[martincmartin]

I worked on LogDevice at FB until about 6 months ago.

I'm not that familiar with Kafka, but in general LogDevice emphasizes write availability over read availability. There are many applications where data is being generated all the time, and if you don't write it, it will be lost. However, if reading is delayed, it just means readers are a little behind and will need to catch up.

So, when a sequencer node dies and we need to figure out what happened to the records that were in flight -- which ones ended up on disk & can be replicated, what the last record was -- LogDevice still accepts new writes. However, to ensure ordering, these new writes aren't visible to readers until the earlier writes are sorted out.

[ivankelly]

What happens with a sequencer which appears to fail but hasn't really, and then comes back up after the process to figure out inflight records has completed? If that sequencer receives a record for a log, will it be able to write it to the storage nodes? I.e. is there any fencing mechanism to tell the storage nodes that the epoch has been bumped, so don't access writes for that epoch anymore?

[sh00s]

yes, in LogDevice it's called "sealing". However, as it stands, a newly activated sequencer won't wait for sealing on the old epoch to complete before taking new writes - in the tradeoff between write availability and consistency LogDevice picks higher availability. Blocking new writes until sealing is complete, however, should be fairly easy to integrate into LogDevice as an option.

[ivankelly]

Does it block reads until sealing is complete? How many nodes in the nodeset have to respond before sealing is complete? [NodeSet] - [ReplicationFactor] + 1?

[sh00s]

Yes, reads are not released (i.e. are blocked) until sealing is complete. We call the minimal set of nodes sufficient to serve reads for a log (the same set is needed for sealing to complete) an f-majority.

For a simple case where placement of data is location-agnostic, indeed the definition of f-majority is n - r + 1, where n is the nodeset size, and r is the replication factor.

However, if your replication property, is say, "place 3 copies across 3 racks", then the definition of f-majority becomes more complicated - e.g. having all nodes in the nodeset respond minus two racks will also satisfy it.

[ivankelly]

> Yes, reads are not released (i.e. are blocked) until sealing is complete.

Which are the cases where consistency is compromised then?
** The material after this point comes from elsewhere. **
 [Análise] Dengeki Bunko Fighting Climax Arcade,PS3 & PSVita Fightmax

If a client of the log needs consistency, it needs to ensure that it has seen all previous updates to a log before making a new update, which implies a read.

> However, if your replication property, is say, "place 3 copies across 3 racks", then the definition of f-majority becomes more complicated - e.g. having all nodes in the nodeset respond minus two racks will also satisfy it.
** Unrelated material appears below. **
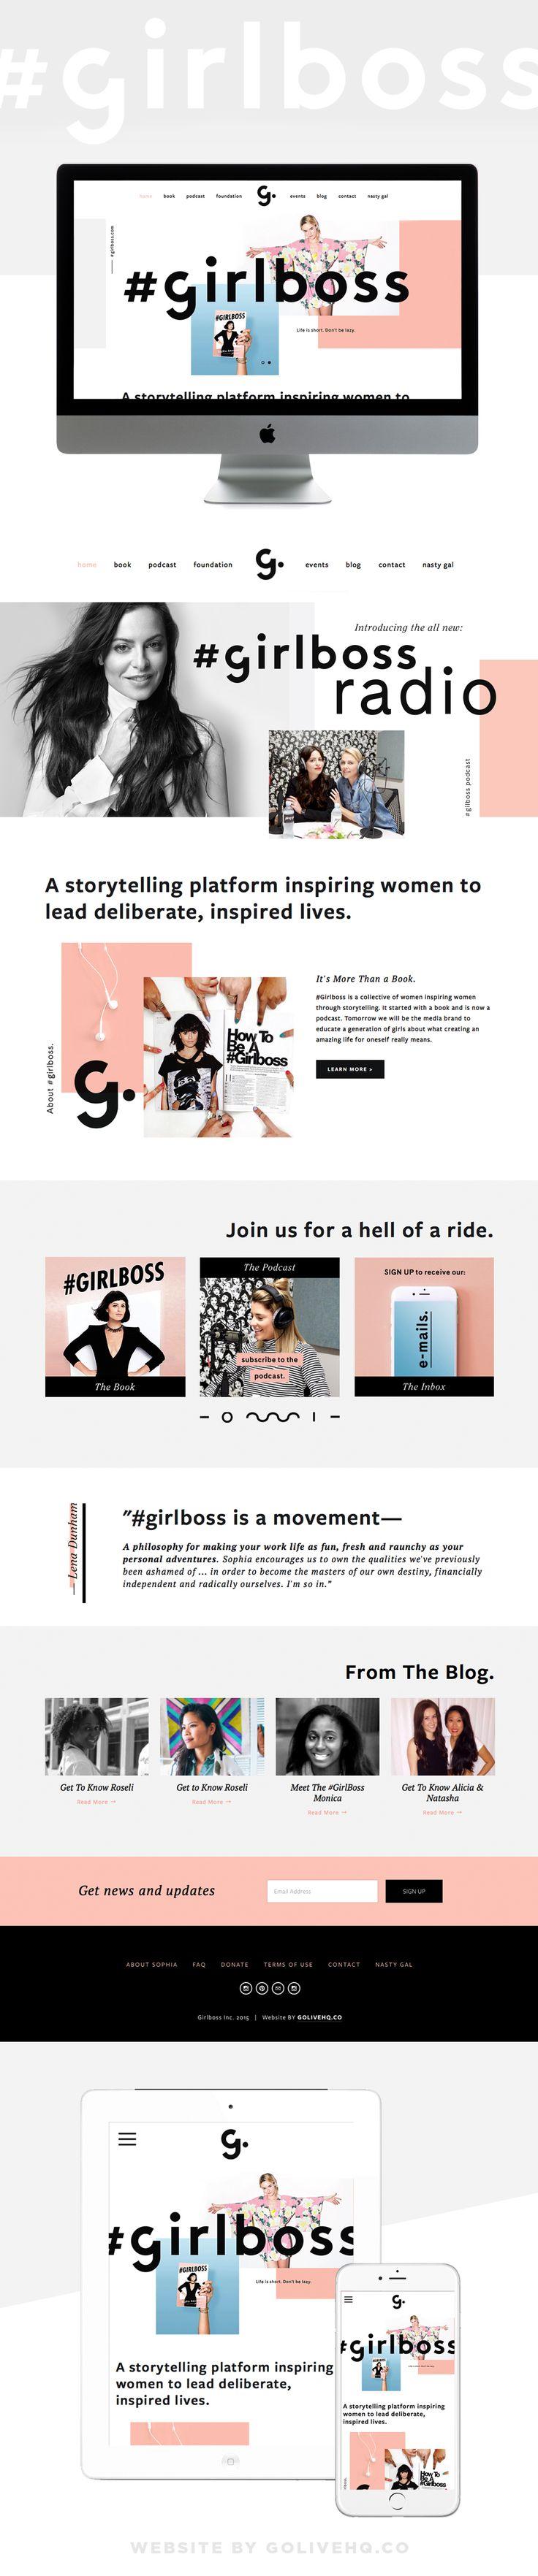 modern website design for girlboss.com  |  by golivehq.co

Sure, the aim being that no write can be successfully acknowledged by enough replicas to complete the write.

[sh00s]

> Which are the cases where consistency is compromised then? If a client of the log needs consistency, it needs to ensure that it has seen all previous updates to a log before making a new update, which implies a read.
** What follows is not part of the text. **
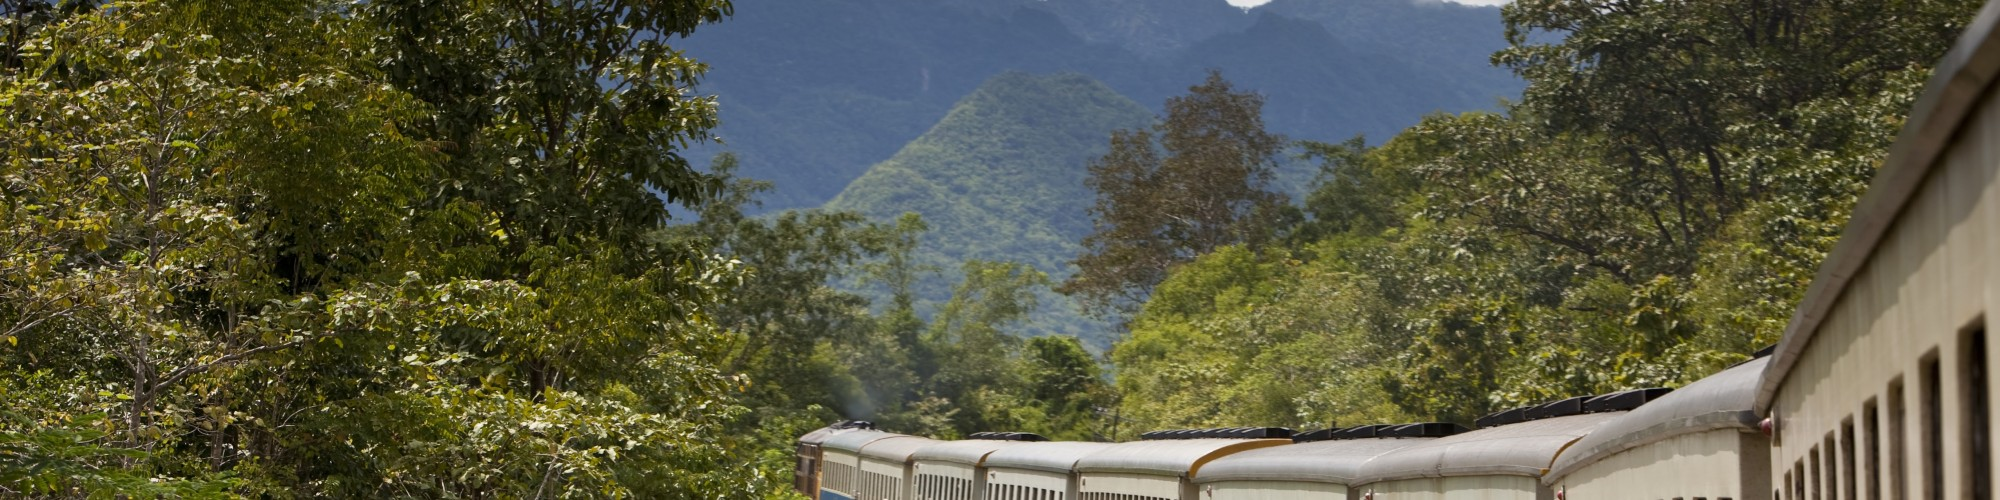 Thailand Burma Railway, Kanchanaburi, Thailand

Consistency in a more general sense than just read-modify-write consistency. If you have sequencers active in several epochs at the same time accepting writes, the records may end up being written out of order, and there would be a breakage of the total ordering guarantee.

[ivankelly]

> Consistency in a more general sense than just read-modify-write consistency. If you have sequencers active in several epochs at the same time accepting writes, the records may end up being written out of order, and there would be a breakage of the total ordering guarantee.

But given that reads are blocked on all sequencers before the current one, this should still provide total order atomic broadcast, unless a single client can connect to a sequencer with a lower epoch than one it has already seen.